Work instructions
Leave the pictures out and repeat the rest of the data below exactly.

Available data

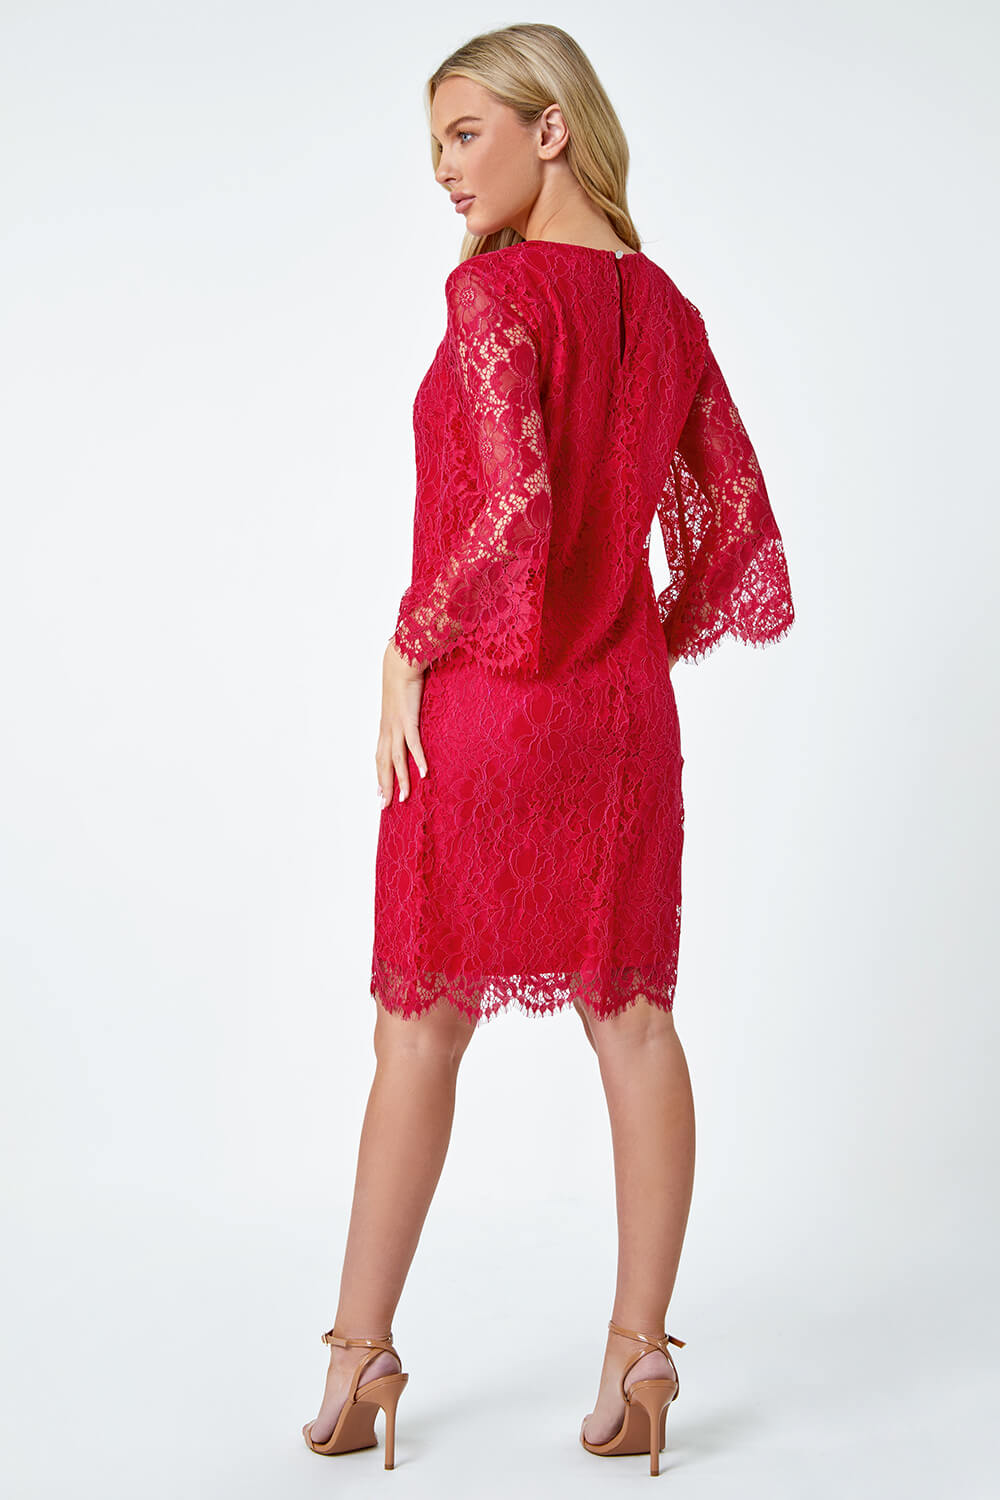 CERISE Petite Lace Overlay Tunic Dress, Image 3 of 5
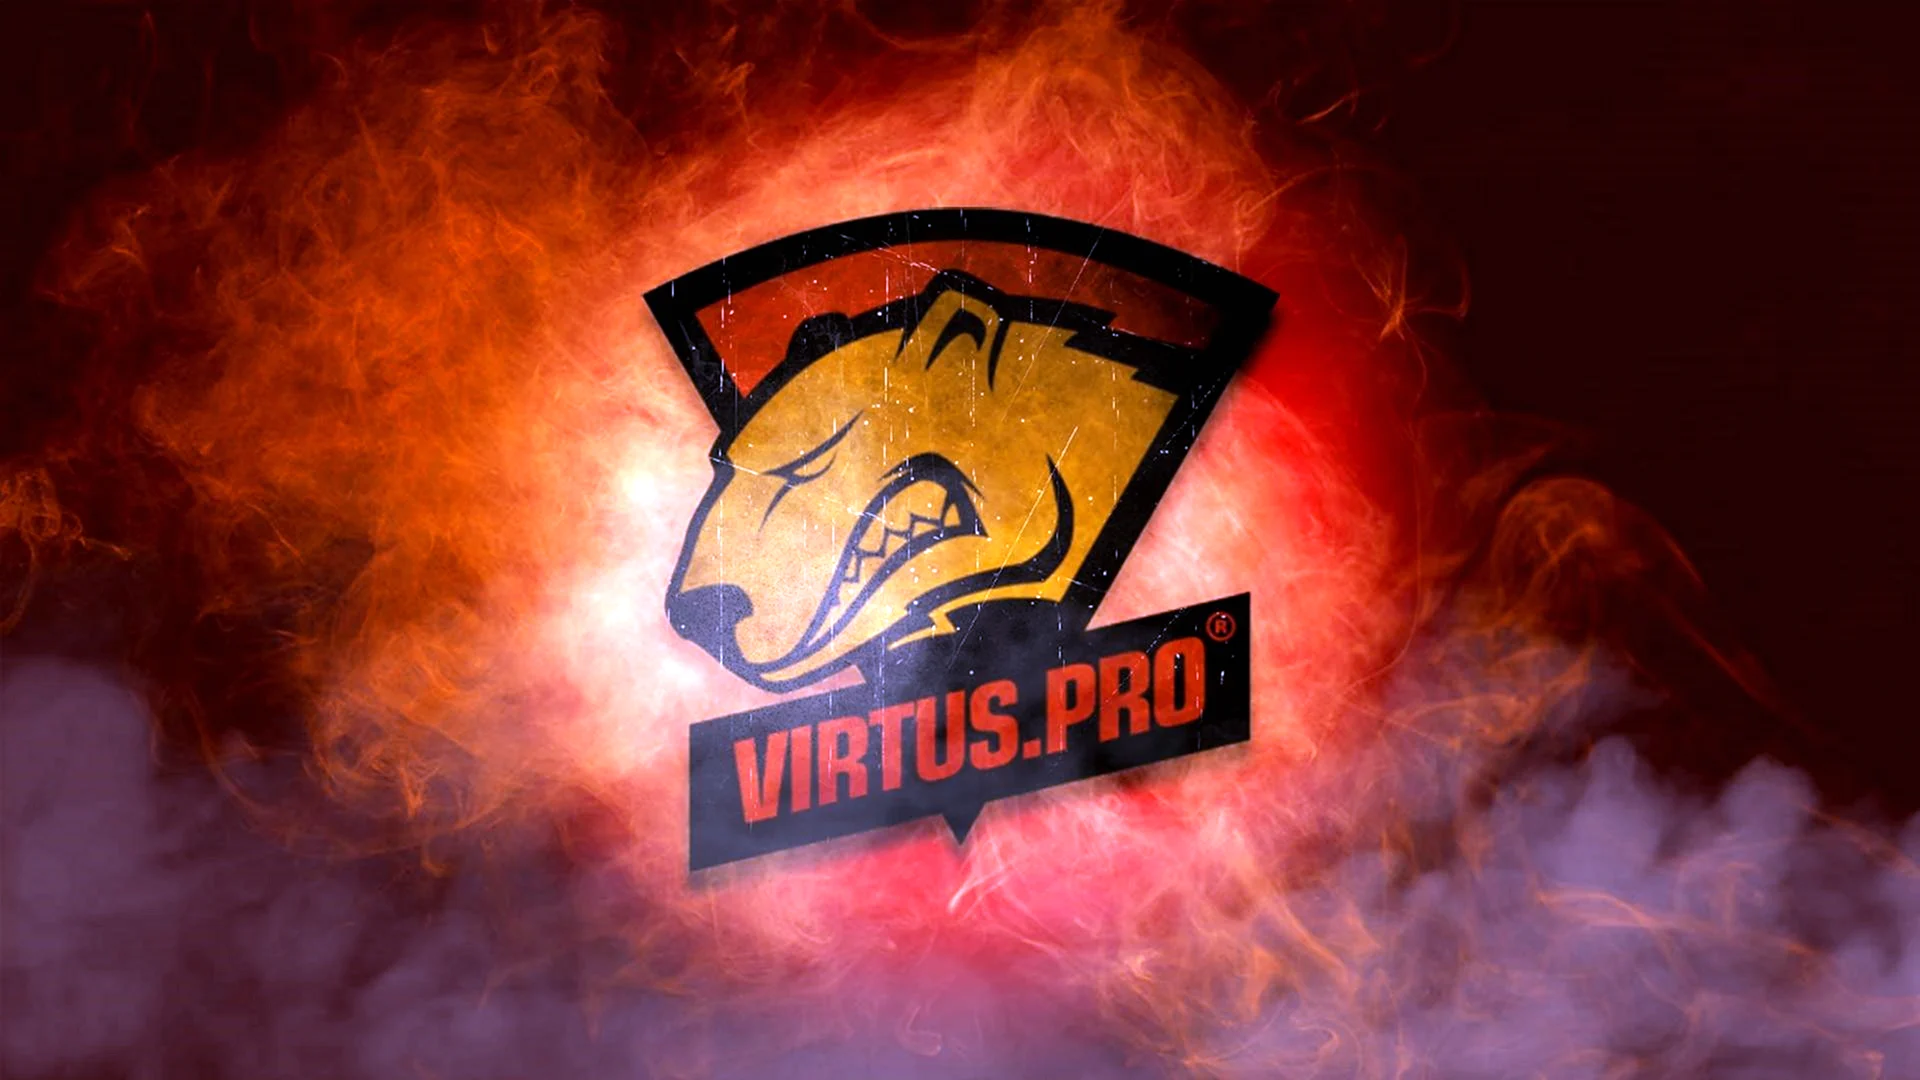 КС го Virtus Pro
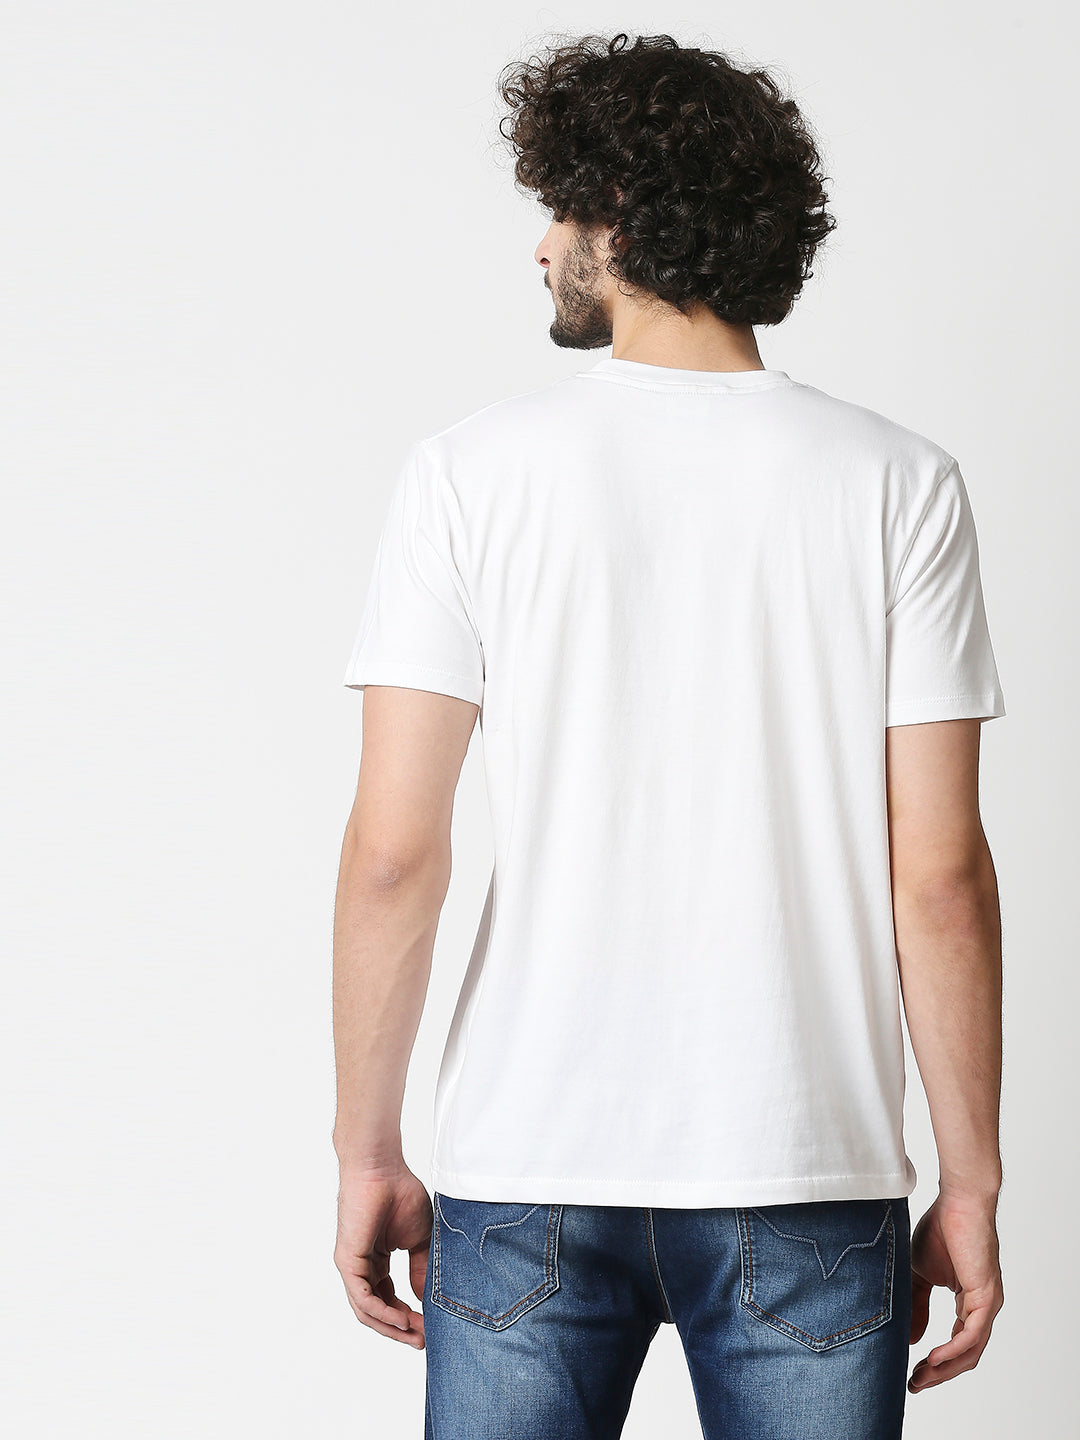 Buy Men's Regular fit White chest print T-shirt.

Answer box
 CERISE Petite Lace Overlay Tunic Dress, Image 3 of 5
 КС го Virtus Pro
 Buy Men's Regular fit White chest print T-shirt.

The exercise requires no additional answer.